= Titus Flavius Longinus Quintus Marcius Turbo =

2nd century Roman senator, consul and governor

Titus Flavius Longinus Quintus Marcius Turbo was a Roman senator who held a series of offices in the emperor's service. He was suffect consul for one of the nundinia in the years 149 through 151. Longinus is known primarily from inscriptions.

Authorities agree that Longinus was the birth son of Titus Flavius Longinus, a decurion of a city in Dacia, and was later adopted by the prefect of the Praetorian Guard, Quintus Marcius Turbo. Nevertheless, Longinus remained a member of the equestrian order until he was adlected into the Senate.

== Career ==
His cursus honorum can be reconstructed from an inscription. While still an equestrian, Longinus was prefect, or commander, of an unspecified ala; his adlection followed this. He advanced through the traditional Republican magistracies: quaestor, aedile, and praetor. After stepping down from the last magistracy, Longinus was commissioned legatus legionis or commander of Legio I Adiutrix, stationed on the Danube frontier; Géza Alföldy dates his command from around 143 to the year 146. This was followed by a term governing the imperial province of Gallia Lugdunensis, which Alföldy dates from around 146 to around the year 149. His consulship followed.

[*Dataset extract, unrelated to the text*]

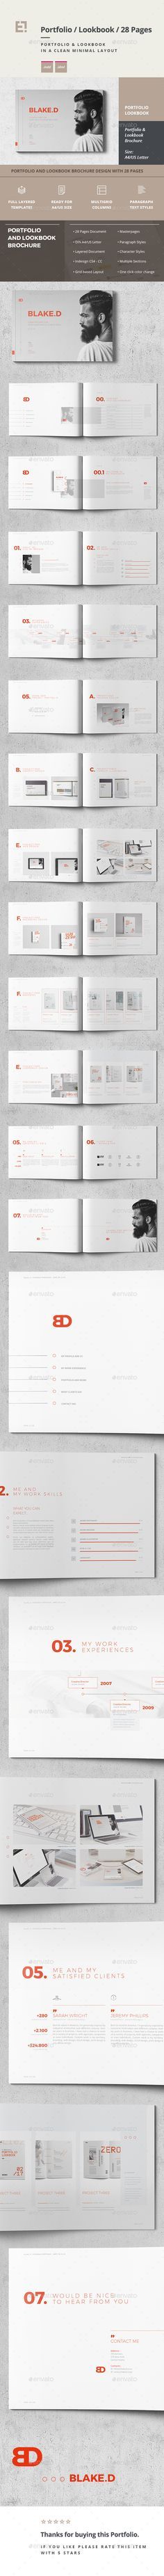 Portfolio - Portfolio Brochure Template InDesign INDD - 28 Pages, A4 & US Letter Size

After completing his term as suffect consul, Longinus is known to have been appointed to two more offices. The first was curator operum locumque publicorum et aedium sacrarum, which Alföldy dates to around 151. The second was governing the imperial province of Moesia Inferior; although primary sources attest him in that position in the year 155, Alföldy extends his tenure in Moesia Inferior from around 153 to 156.

Details for Longinus' life after he stepped down from administering Moesia Inferior have not yet been recovered.